• Task statement:
Nothing but the text of the records should come back; copy it exactly and leave the pictures out.

··· Records to use

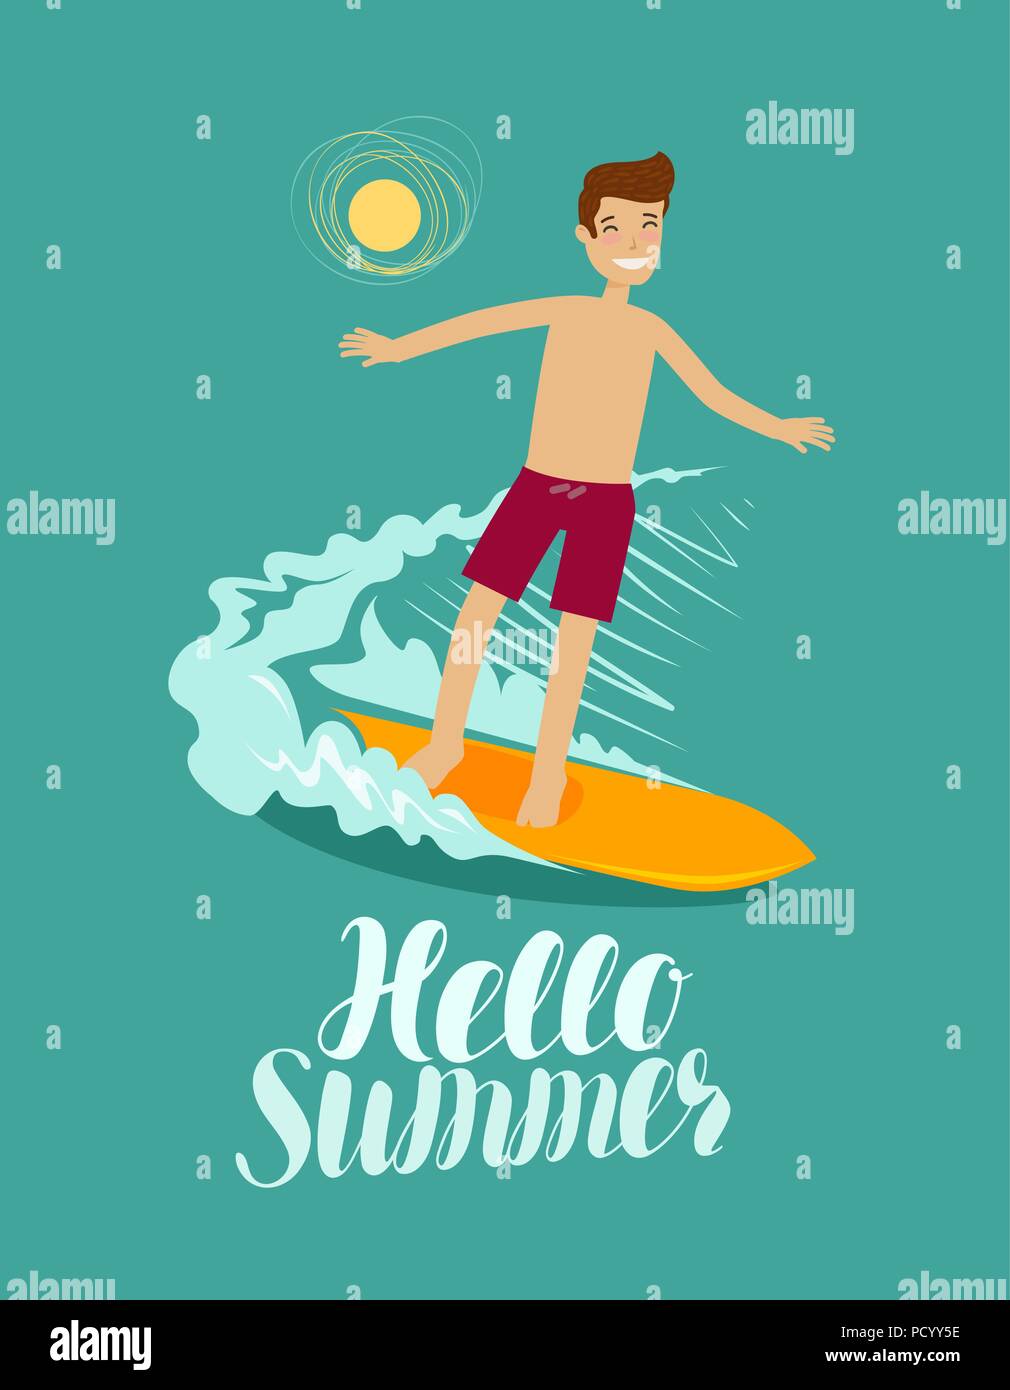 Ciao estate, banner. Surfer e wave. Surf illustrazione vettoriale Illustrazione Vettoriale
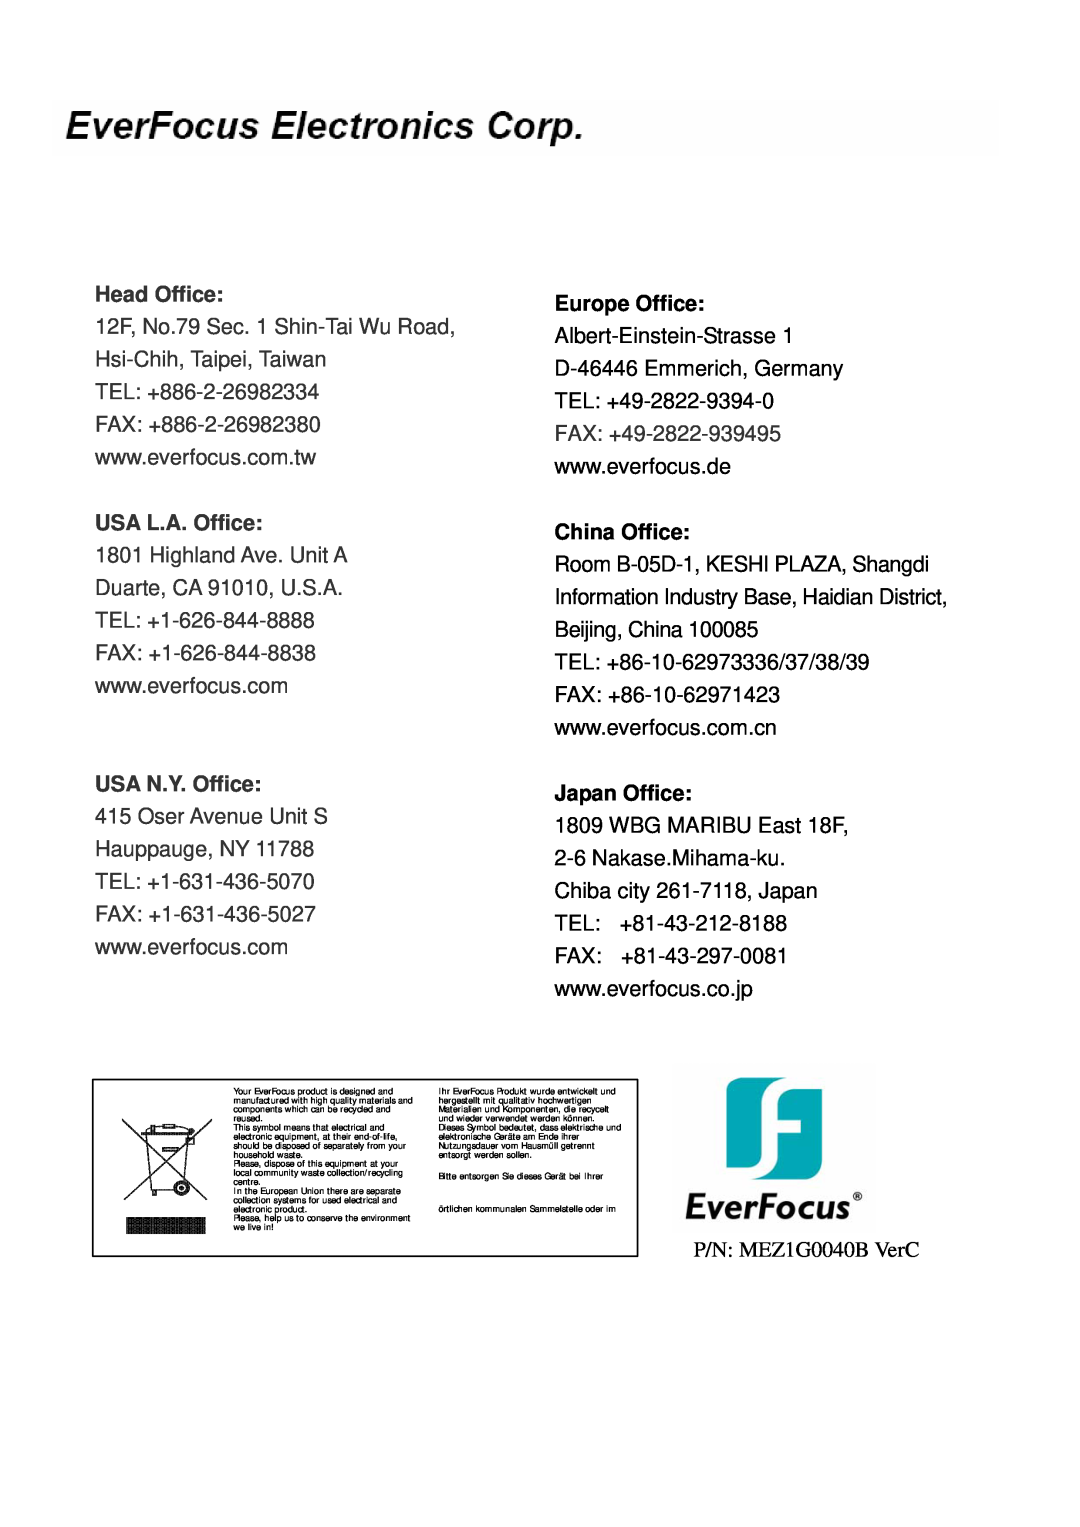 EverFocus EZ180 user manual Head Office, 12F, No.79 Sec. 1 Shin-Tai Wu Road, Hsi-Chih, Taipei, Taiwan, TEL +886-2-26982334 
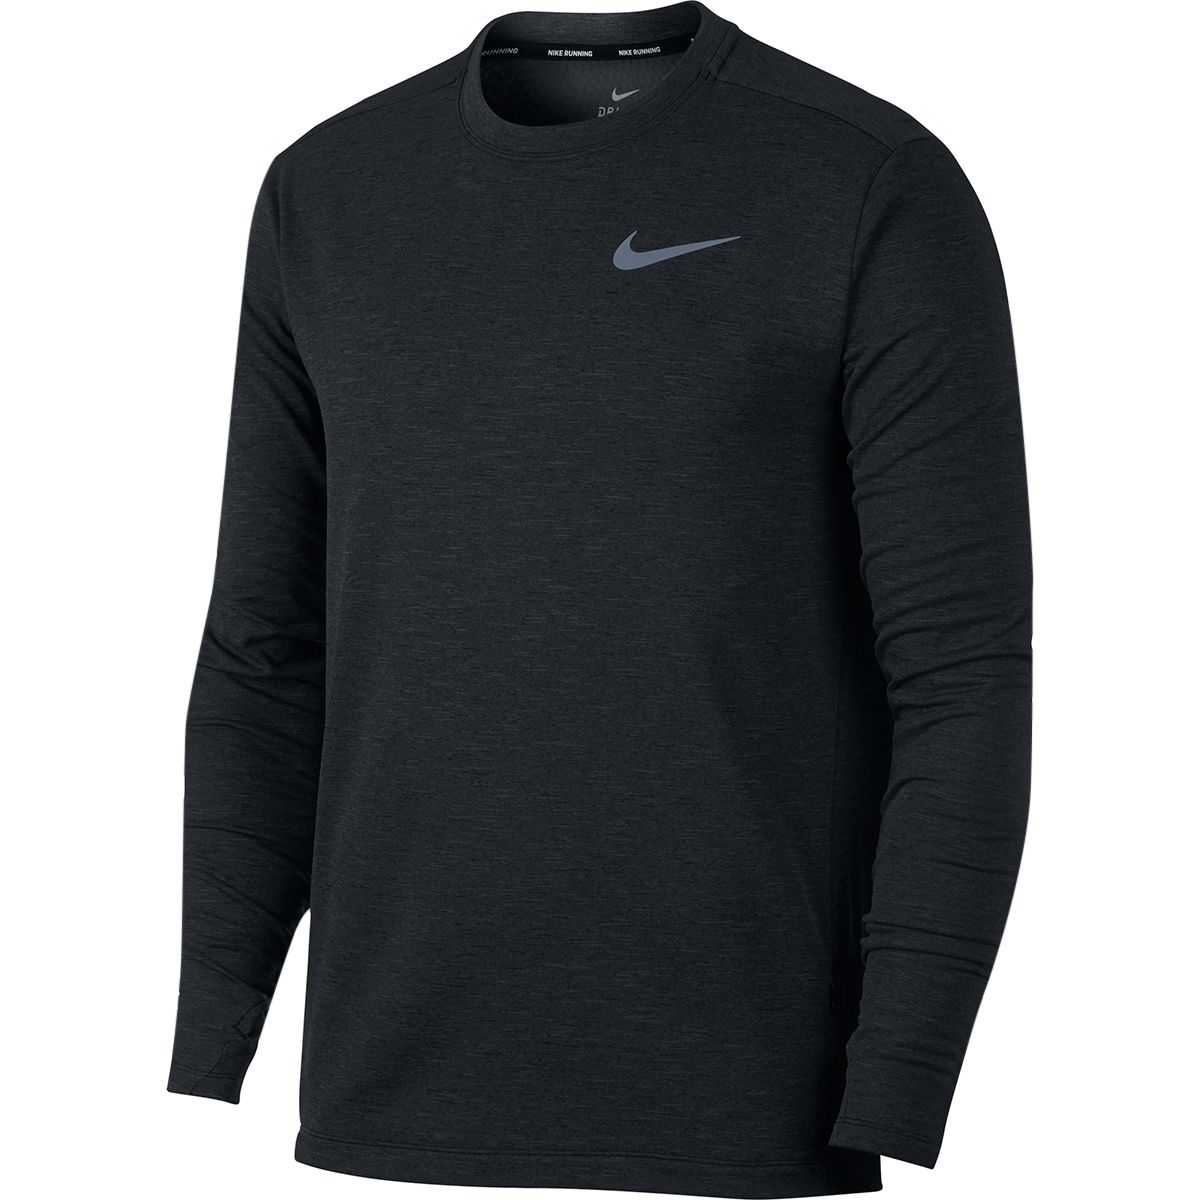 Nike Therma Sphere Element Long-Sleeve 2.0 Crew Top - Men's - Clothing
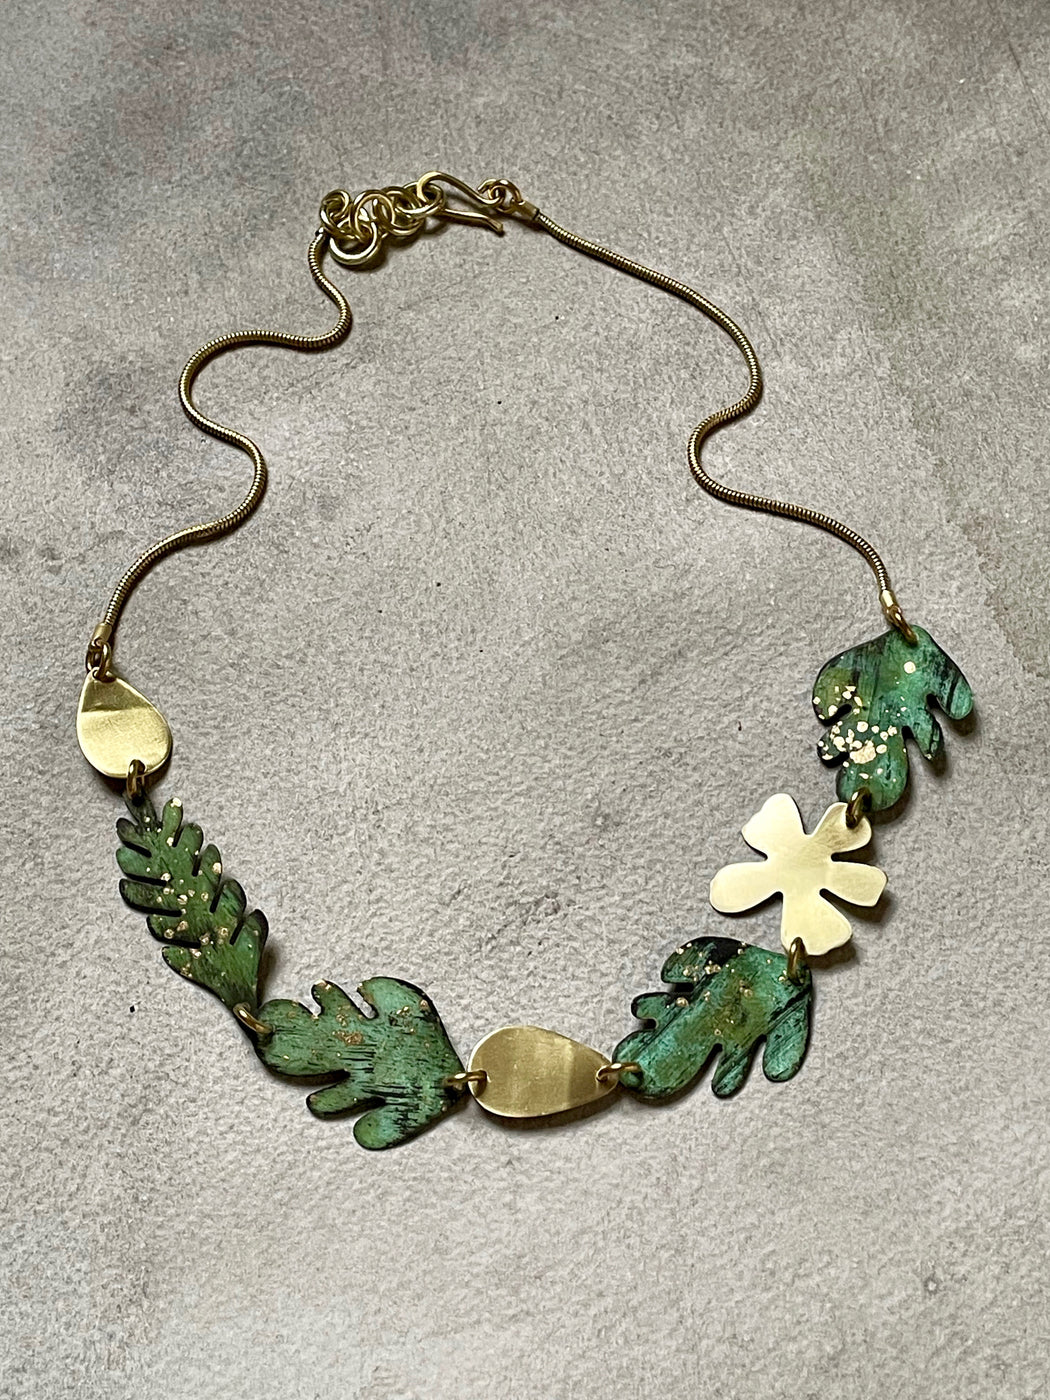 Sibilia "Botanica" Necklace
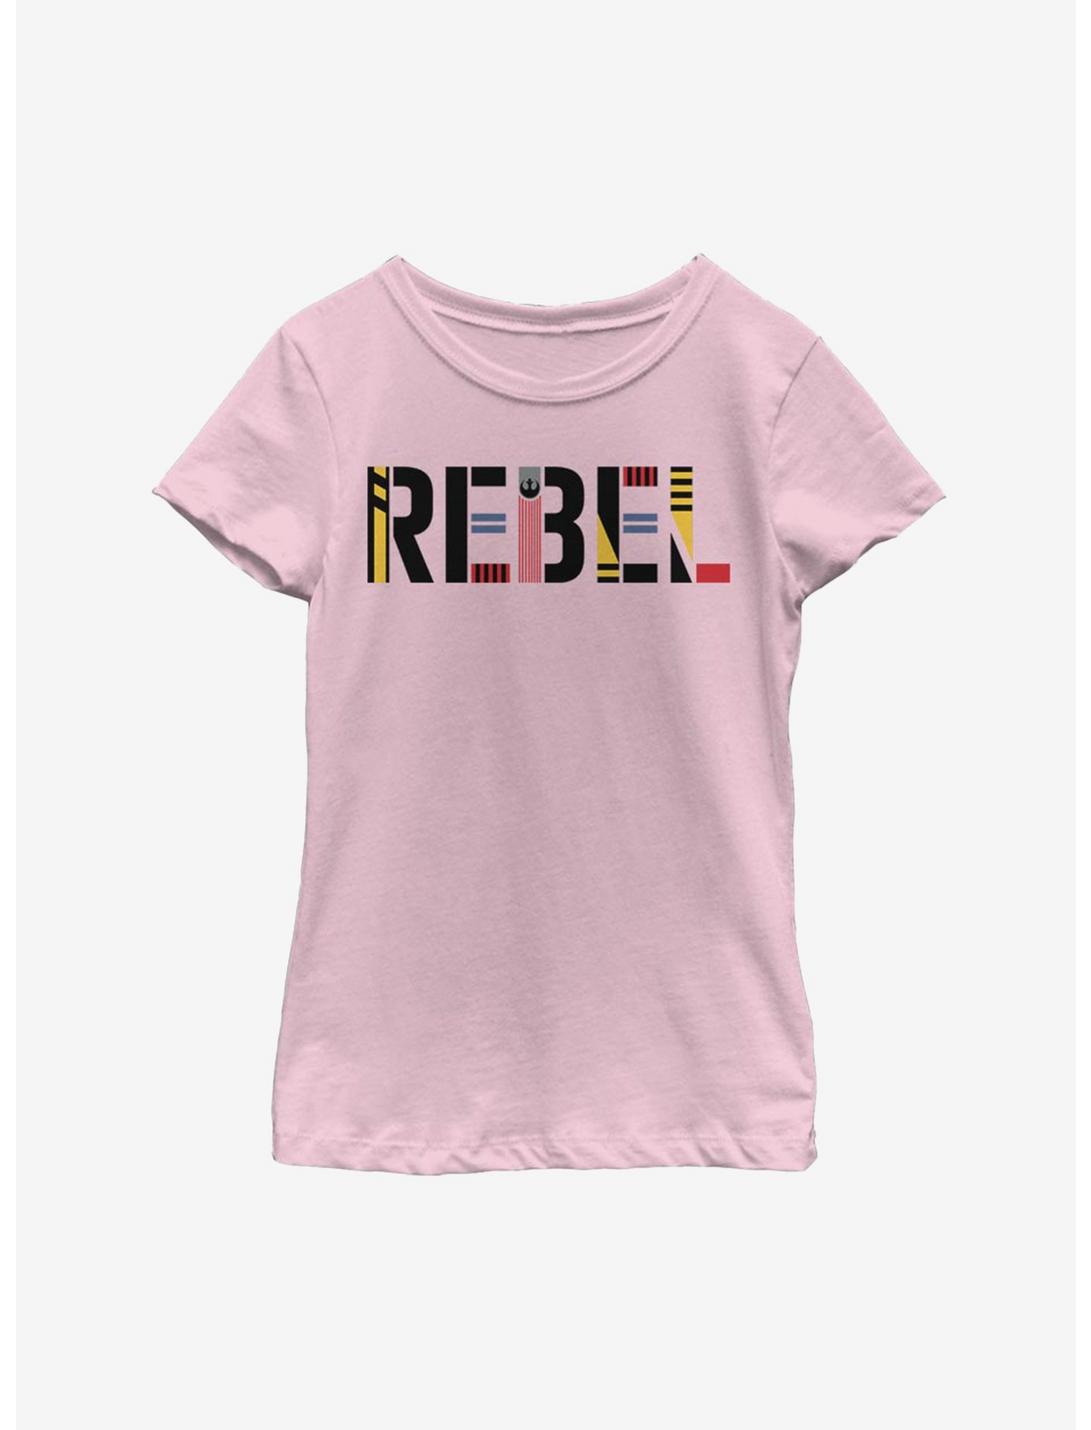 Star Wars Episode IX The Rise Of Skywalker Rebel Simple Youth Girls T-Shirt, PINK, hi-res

······

• Answer for this exercise:
 Ciao estate, banner. Surfer e wave. Surf illustrazione vettoriale Illustrazione Vettoriale
 EverFocus EZ180 user manual Head Office, 12F, No.79 Sec. 1 Shin-Tai Wu Road, Hsi-Chih, Taipei, Taiwan, TEL +886-2-26982334 
 Nike Therma Sphere Element Long-Sleeve 2.0 Crew Top - Men's - Clothing
 Sibilia "Botanica" Necklace
 Star Wars Episode IX The Rise Of Skywalker Rebel Simple Youth Girls T-Shirt, PINK, hi-res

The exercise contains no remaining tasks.